Par Hannah Staudenmayer
Le réalisateur Michel Toesca décrit son nouveau documentaire LIBRE comme un film sur l’accueil des réfugiés plutôt qu’un film de témoignages. Un documentaire touchant et émouvant avec un hommage rendu à ceux qui ont rejoint la cause tout en évitant de s’intéresser à ceux qui tentent de fermer les yeux.
L’homme barbu d’âge moyen sourit vaguement en regardent directement vers la caméra et tente de mettre en mots ce qui vient de se passer : il faisait confiance à la loi et à la justice, mais il a été déçu. Cela semble presque irréel de voir comment il essaie d’expliquer sa situation aux journalistes, pourtant il semble détendu, voire profondément décontracté. Ses paroles résonnent non seulement chez les reporters, mais aussi dans la tête du spectateur : « Libre, c’est dans la tête. Je continue d’être libre ». Peu après, il exprime sa préoccupation avec un clin d’œil : s’il était possible d’installer une tireuse à bière dans la prison… Bien compris, l’homme au sourire malicieux vient d’être condamné à 4 mois de prison et à une amende de 3 000 euros. La raison : aide humanitaire et fraternité.
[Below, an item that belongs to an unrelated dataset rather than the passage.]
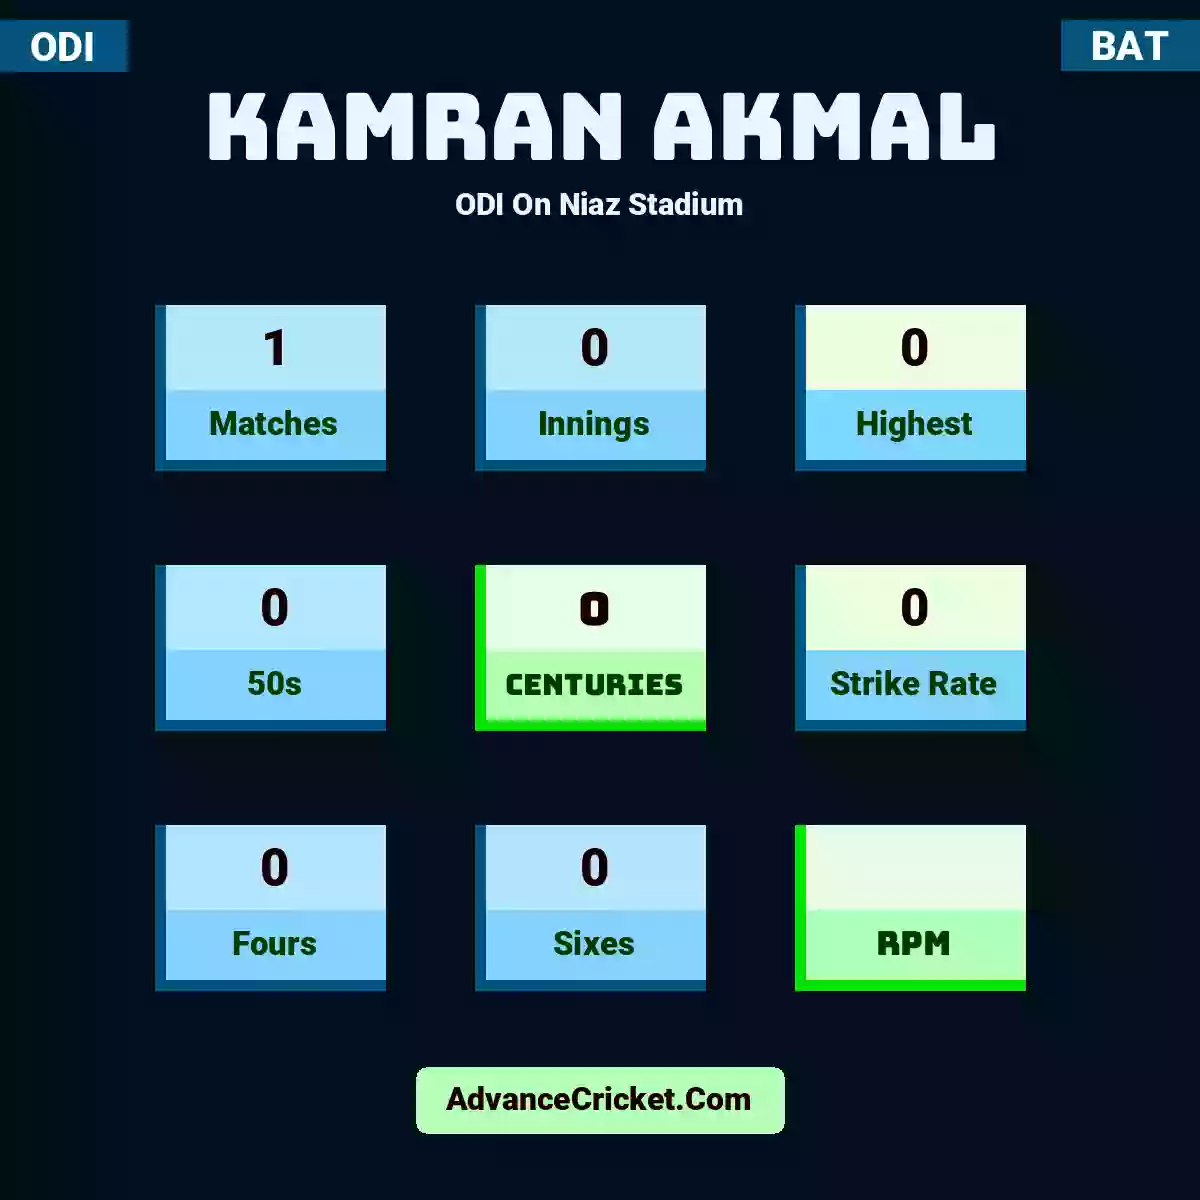 Kamran Akmal ODI  On Niaz Stadium, Kamran Akmal played 1 matches, scored 0 runs as highest, 0 half-centuries, and 0 centuries, with a strike rate of 0. K.Akmal hit 0 fours and 0 sixes.
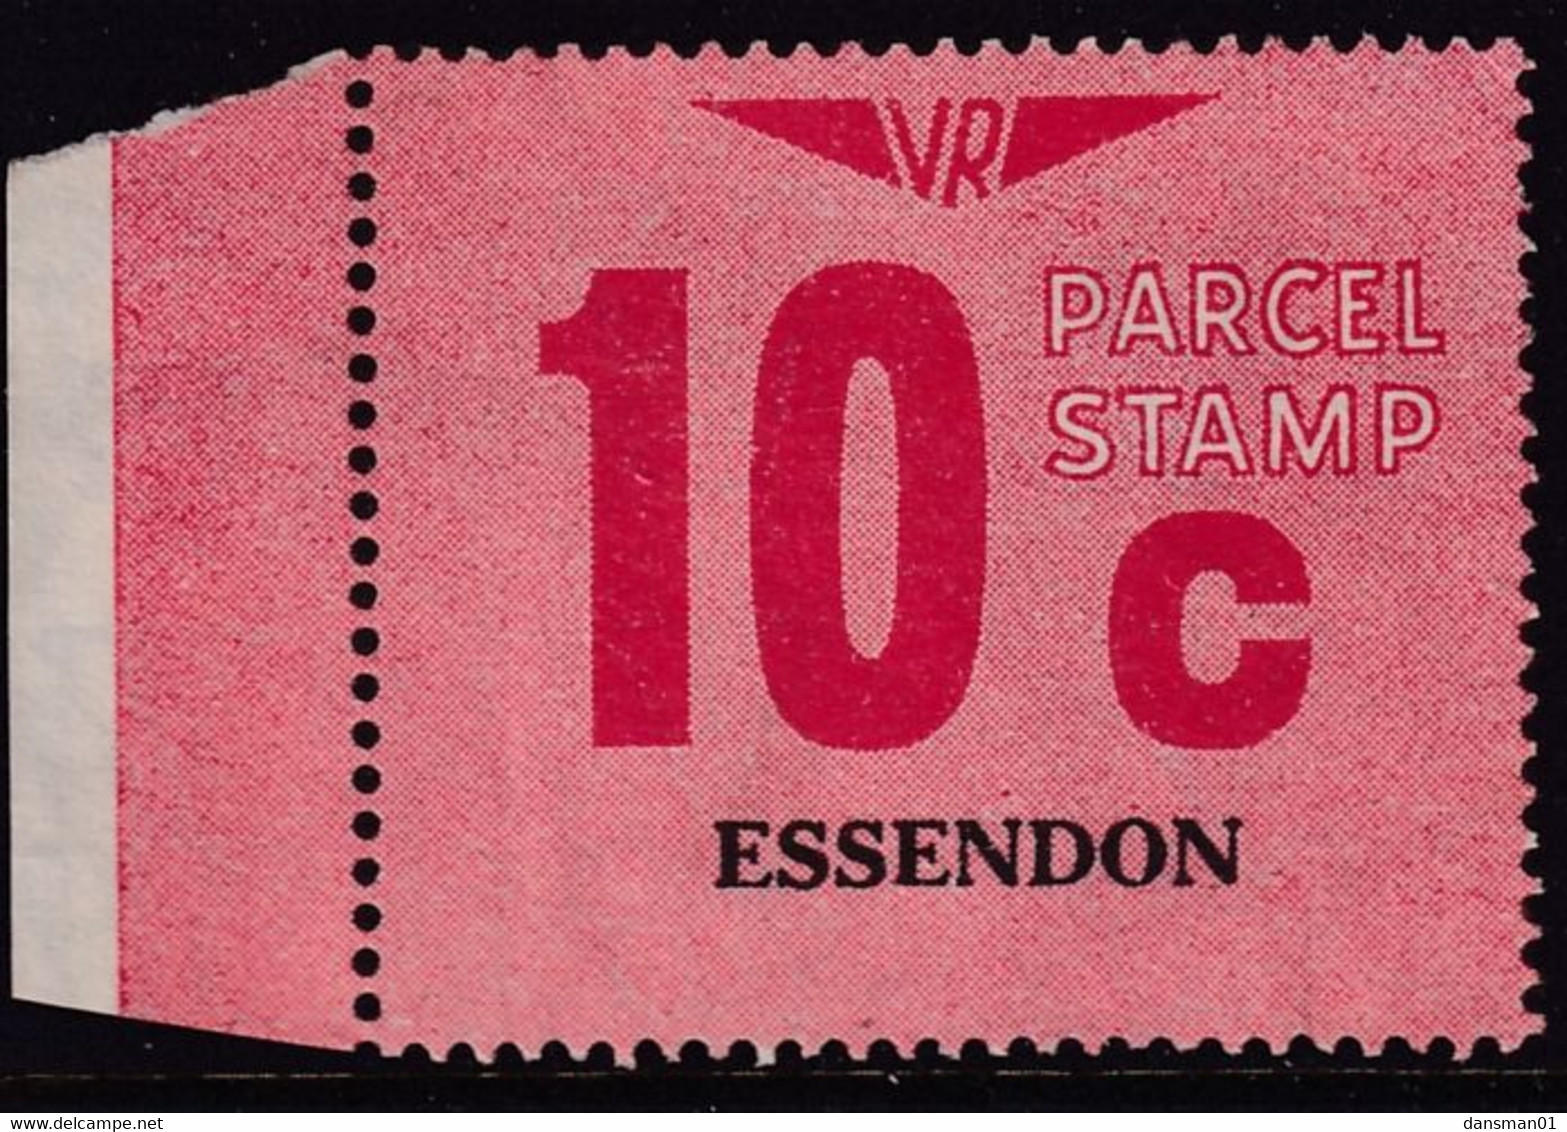 Victoria 1966 Railway Parcel Stamp 10c ESSENDON Used - Errors, Freaks & Oddities (EFO)

L’homme condamné s’appelle Cédric Herrou, un cultivateur d’olives de la vallée de La Roya qui accueillait des réfugiés dans sa ferme. Le réalisateur Michel Toesca l’a accompagné, pendant trois années avec sa caméra, pour raconter son histoire courageuse. La vallée de La Roya se trouve au sud de la France, vallée frontalière de l’Italie. Avec d’autres habitants de La Roya, Cédric a décidé d’aider les réfugiés qui traversent la vallée pour rejoindre le centre de la France, en les hébergeant dans sa ferme. Ce faisant, il entre en conflit non seulement avec la loi française mais aussi avec les institutions de sécurité et de maintien de l’ordre du pays. Ce geste humanitaire déclenche l’action, et le combat politique et juridique de Cédric et d’autres bénévoles.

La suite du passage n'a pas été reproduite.